Tirer les enseignements d’une prise en compte du vivant suppose une meilleure connaissance de ce dernier. Biologiste cellulaire, François Képès souligne que le vivant se caractérise certes par l’évolution – qui permet l’adaptation –, le fonctionnement métabolique – faculté à transformer des ressources entrantes en produits différenciés –, mais aussi par la capacité à mobiliser des concentrations locales pour optimiser les réactions. Il distingue la biologie des systèmes, qui analyse et explique, de la biologie de synthèse, qui utilise cette compréhension pour agir sur le vivant. Ajouter des molécules neuves aux produits classiques du vivant pour pallier la non-renouvelabilité des ressources environnementales lui semble représenter une avancée majeure, malgré les incompréhensions. Il ne s’agit pas d’une volonté de maîtrise du vivant, mais de domestication et de négociation, reposant sur la coopération et le soin plutôt que la domination. Il appelle ainsi à dépasser les discours manichéens dans le débat sur la manipulation du vivant en se posant prioritairement la question de l’usage.

Définir le vivant

En tant que biologiste, pourriez-vous nous énumérer les propriétés caractérisant le vivant ?

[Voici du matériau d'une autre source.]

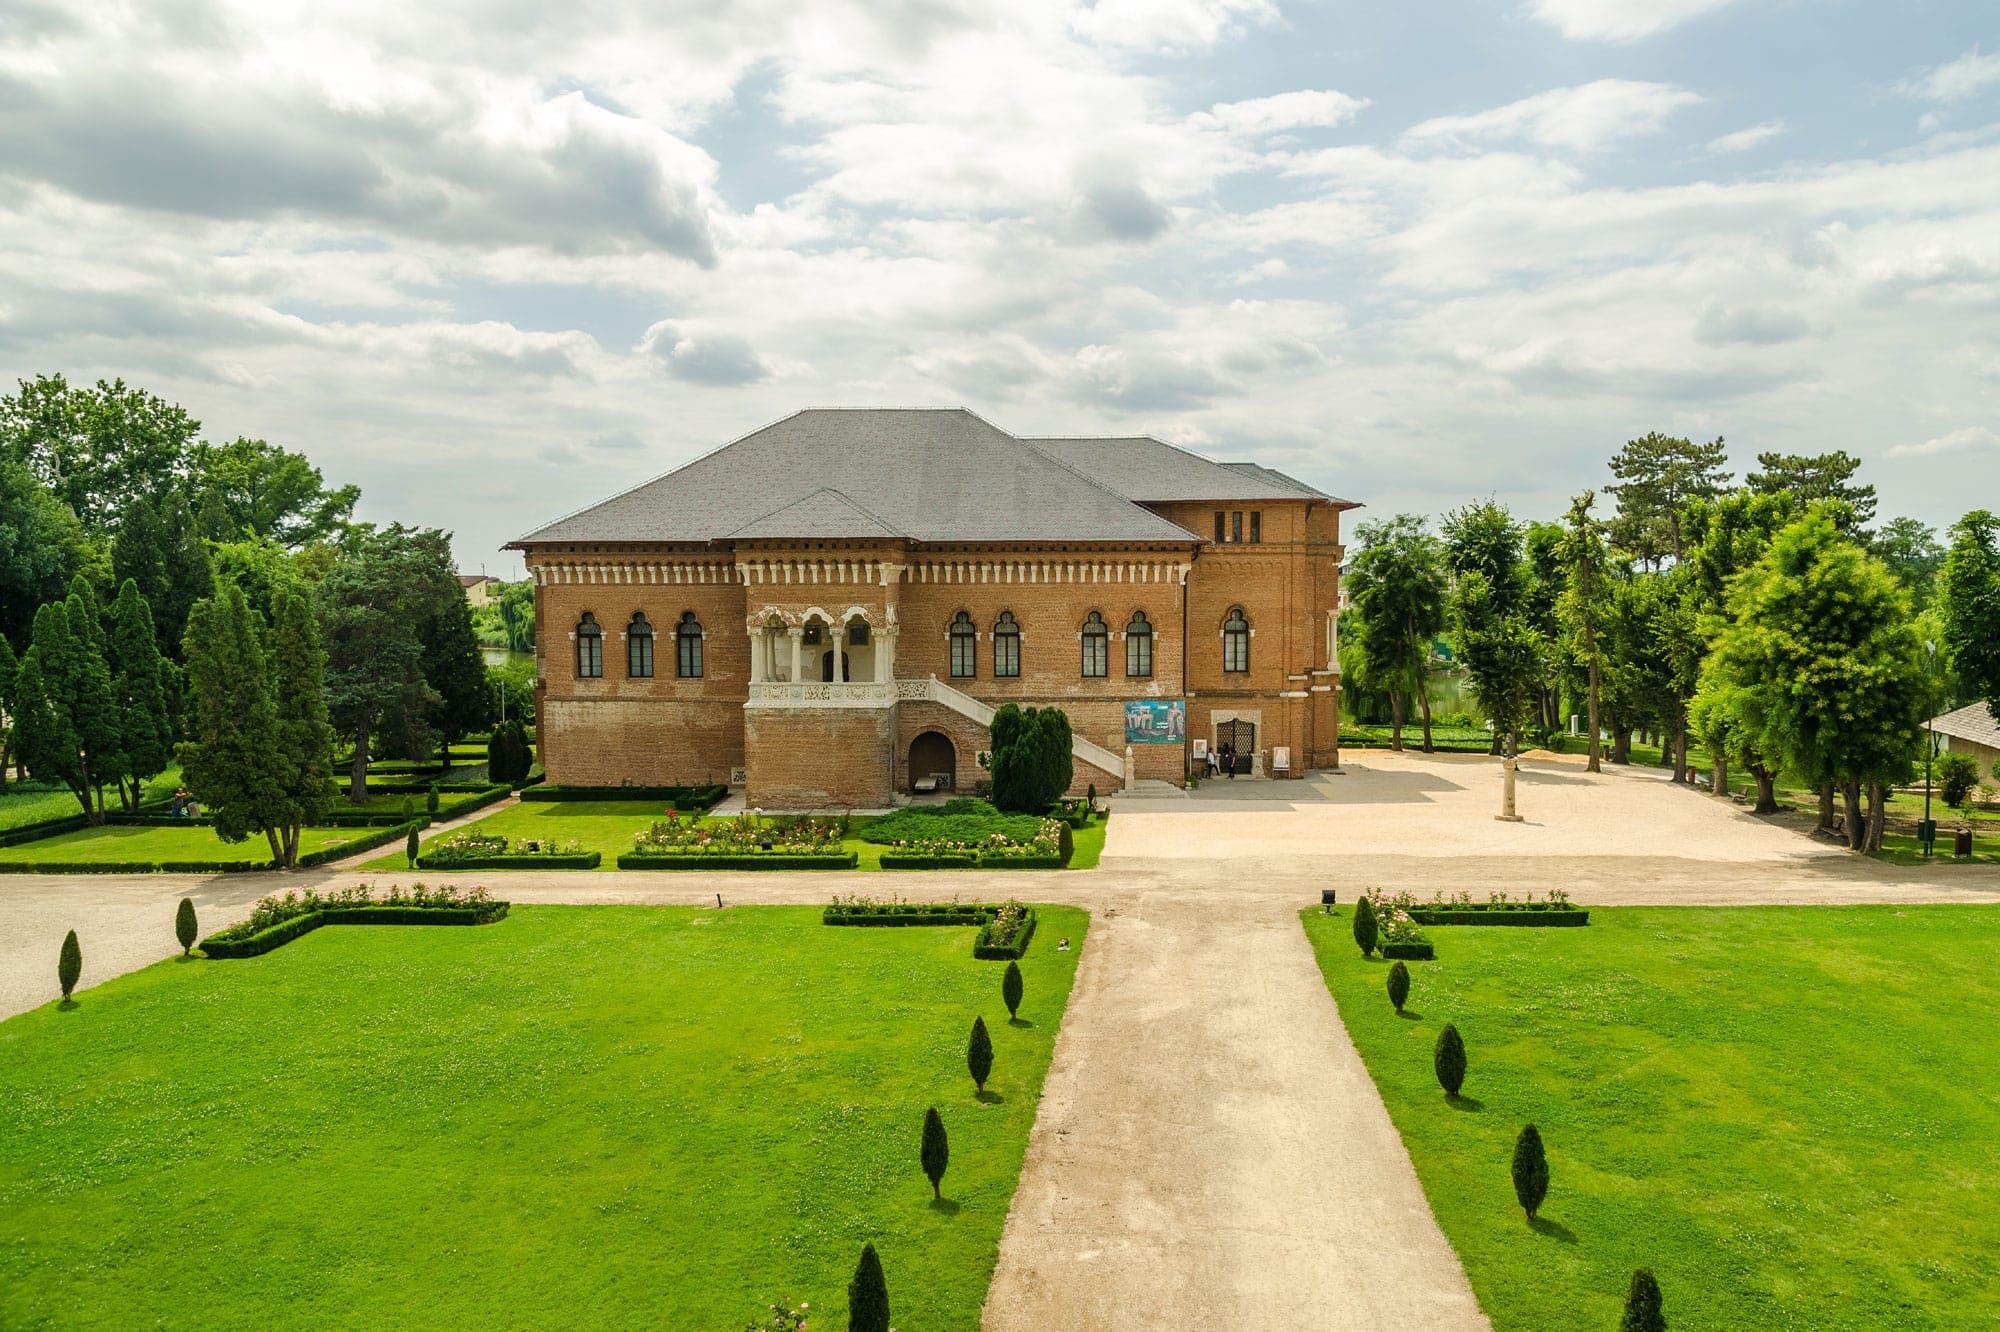 mogosoaia-palace-snagov-monastery-caldarusani-monastery-1
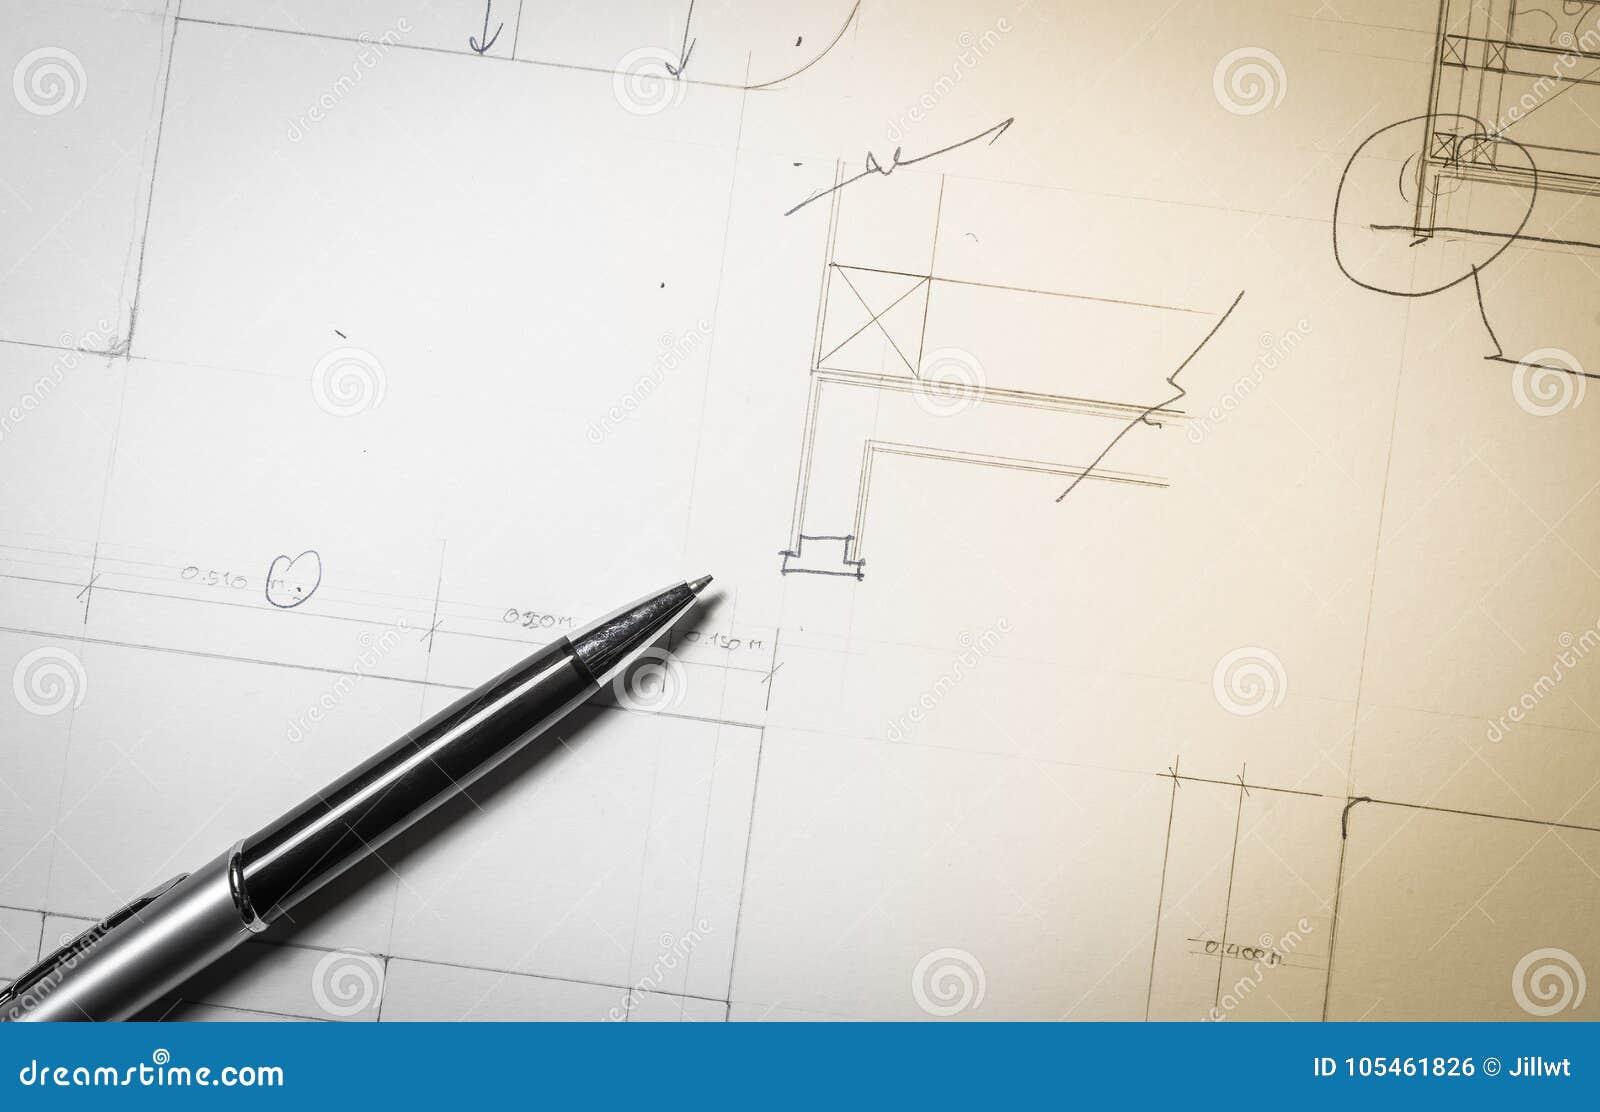 Work plan stock photo  Image of texture, tool, draw - 105461826

Deux caractéristiques m’apparaissent comme absolument essentielles pour définir le vivant. L’une d’elles est souvent mise en avant : l’évolution, cette capacité d’adaptation permettant à un organisme d’optimiser son fonctionnement par rapport à son contexte. La deuxième n’est pas souvent citée, ce qui me surprend puisqu’elle distingue le vivant de processus purement physico-chimiques. Les règles de la physique et de la chimie s’appliquent au vivant – seul quelques vitalistes en doutent encore – mais le vivant possède des règles supplémentaires, qui lui sont propres, dont la capacité à mobiliser des concentrations locales. Alors que la concentration moyenne de réactifs dans une cellule peut être faible, la capacité à les concentrer en un endroit optimise leurs réactions. Nos cellules ont toutes un squelette interne extrêmement dynamique par exemple, capable de se former et se déformer sans cesse, permettant à des protéines de se donner « rendez-vous » en un point précis. Si deux réactifs doivent, pour la vie de la cellule, fusionner en présence d’une enzyme catalysant la réaction, ces réactifs vont apprendre à « pédaler » le long du cytosquelette, et ainsi se rencontrer afin de générer des effets de concentration locale. C’est à mon sens la véritable signature du vivant. D’autres caractéristiques sont régulièrement citées, en particulier la reproduction. Mais dans L’Arbre de la connaissance, initialement publié en 1969, Maturana et Varela n’identifient par exemple pas cette fonction comme définissant un être vivant, bien qu’elle soit nécessaire à la perpétuation de la vie. Le métabolisme est enfin souvent mentionné comme ontologique au vivant, de par sa capacité à transformer des ressources entrantes en produits différenciés.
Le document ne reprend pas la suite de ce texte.